We want to add a color system which shows whether there is an infection of S. aureus or P. aeruginosa in the wound. The detection will activate as soon as the first bacteria is in sight. For the testing the detection constructs can be coupled to a GFP(or a lumniscent) signal.
 
Appearance
 
Our bandage should be transparent. In this way you can look through the bandage and judge whether it should be changed or it can stay on for another day, or whether you need to see a doctor. Seeing through the bandage without having to remove it is one of the criteria for the burn wound center as well. Of course the bandage should be as thin as possible. We are aiming at a maximum thickness of one centimeter and a minimum thickness of 3 millimeter.
 
Safety
 
We have to make sure our bacteria stays inside the gel. Although it is unlikely that L. lactis infects a human, it is possible when the immune system is compromised. We can make sure the bacteria can not leave the bandage by adjusting the pore-size of this gel. Another extra safety point is the usage of a bottom membrane. This membrane will have a pore-size of 0.2um to make sure our molecules can diffuse, but the bacteria are stuck inside.
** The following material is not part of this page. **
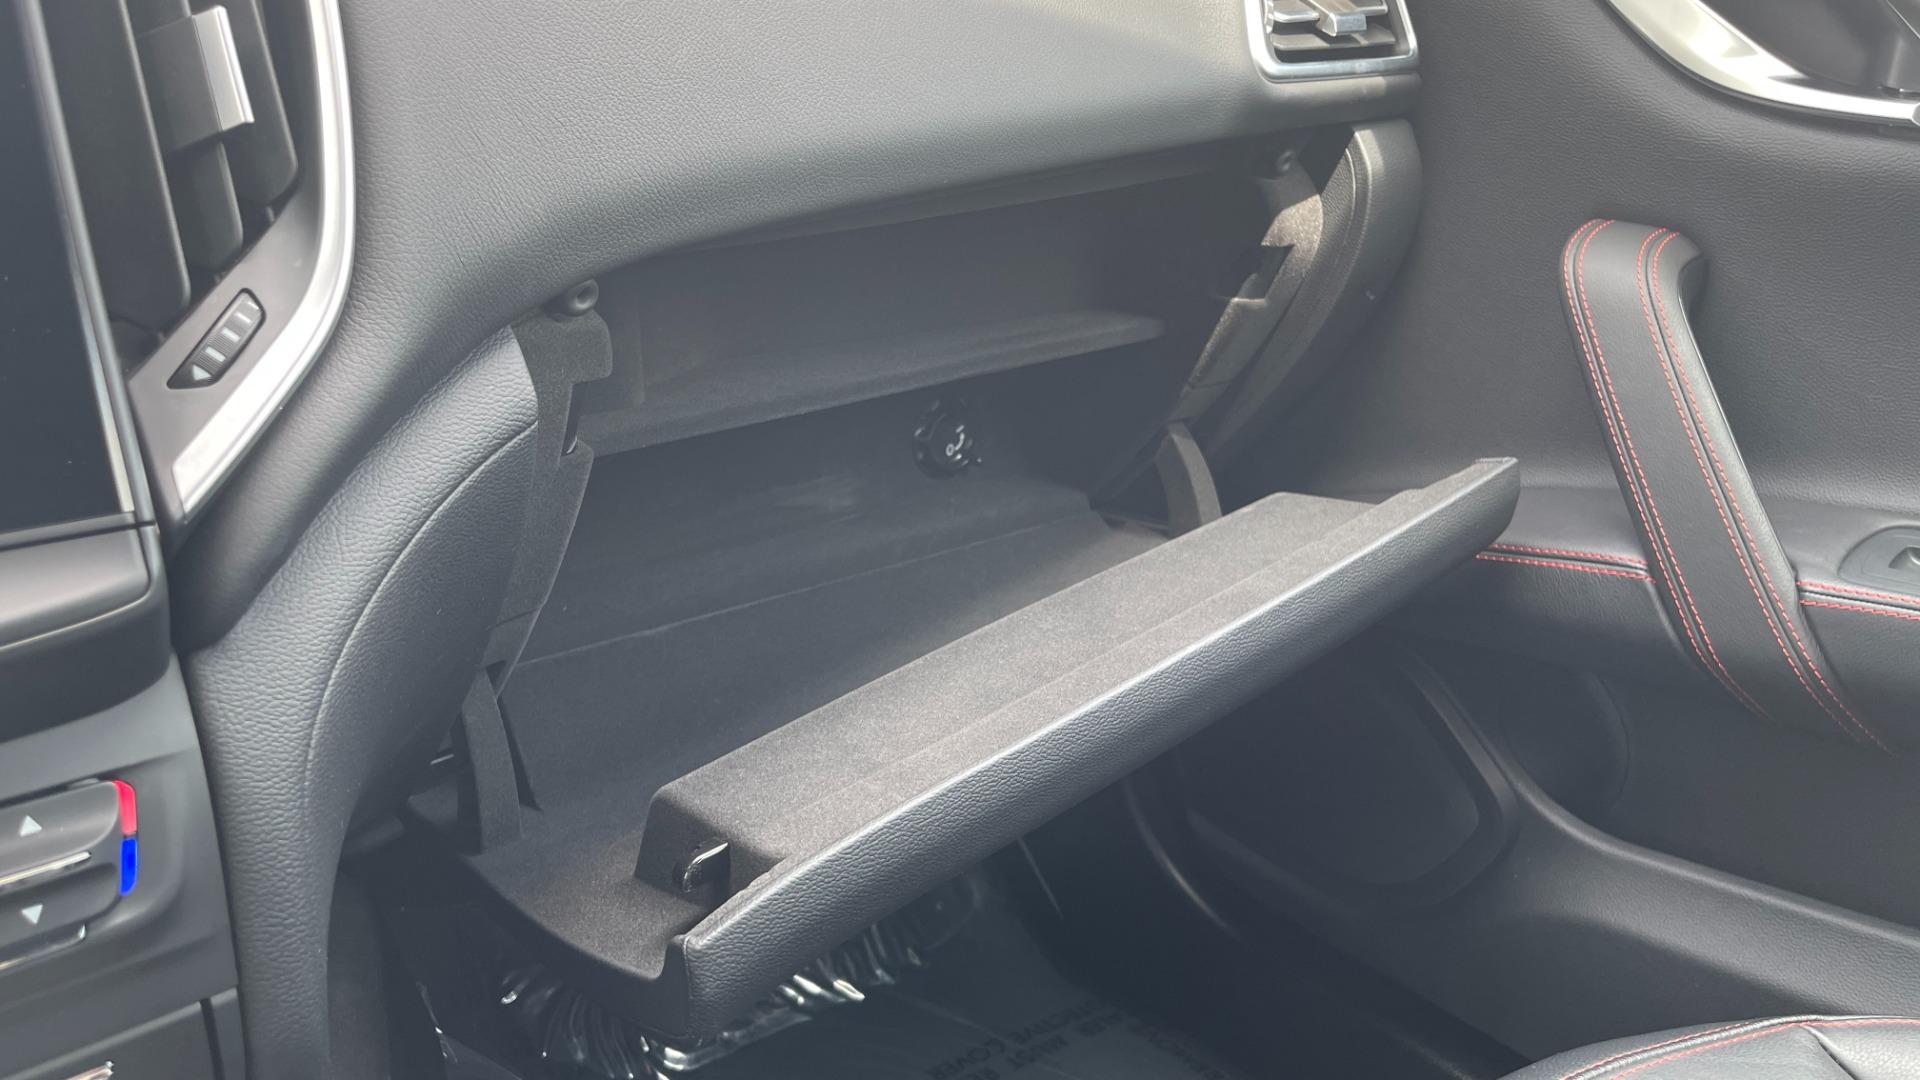 Used 2018 Maserati GHIBLI S Q4 SEDAN / AWD / 3.0L V6 / SUNROOF / NAV / REARVIEW for sale $51,995 at Formula Imports in Charlotte NC 28227 45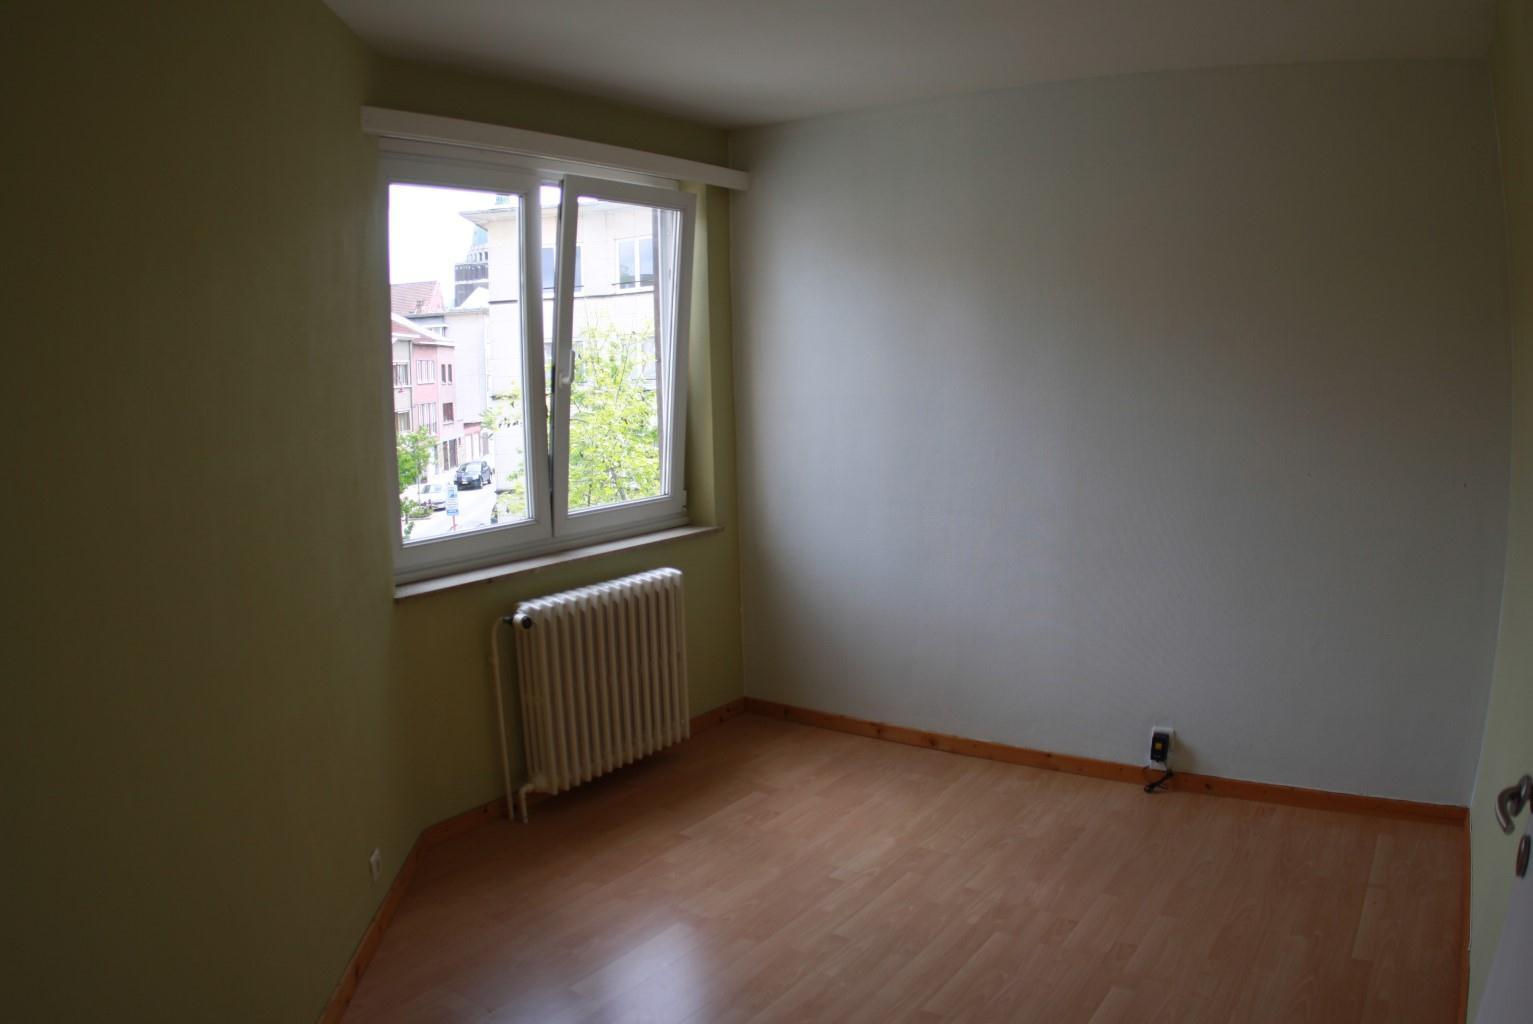 Flat - Berchem-Sainte-Agathe - #3149073-5

Since we are aiming for hospital usage the bandage can be autoclaved or burned after use, and thrown away in the regular waste.
 
Comfort & User friendliness
 
The bandage should not stick, burns are painful wounds and we don't want to make it worse. Secondly it is important that the bandage can be activated easily. This should be within 30 minutes minimize the risk of getting infected. Also one of the requirements is the thickness the bandage, and mainly the thickness of the hydrogel. The thinner the bandage is the quicker the diffusion, and thus the quicker the treatment. Also the flexibillity of the bandage is important, the bandage should be waerable.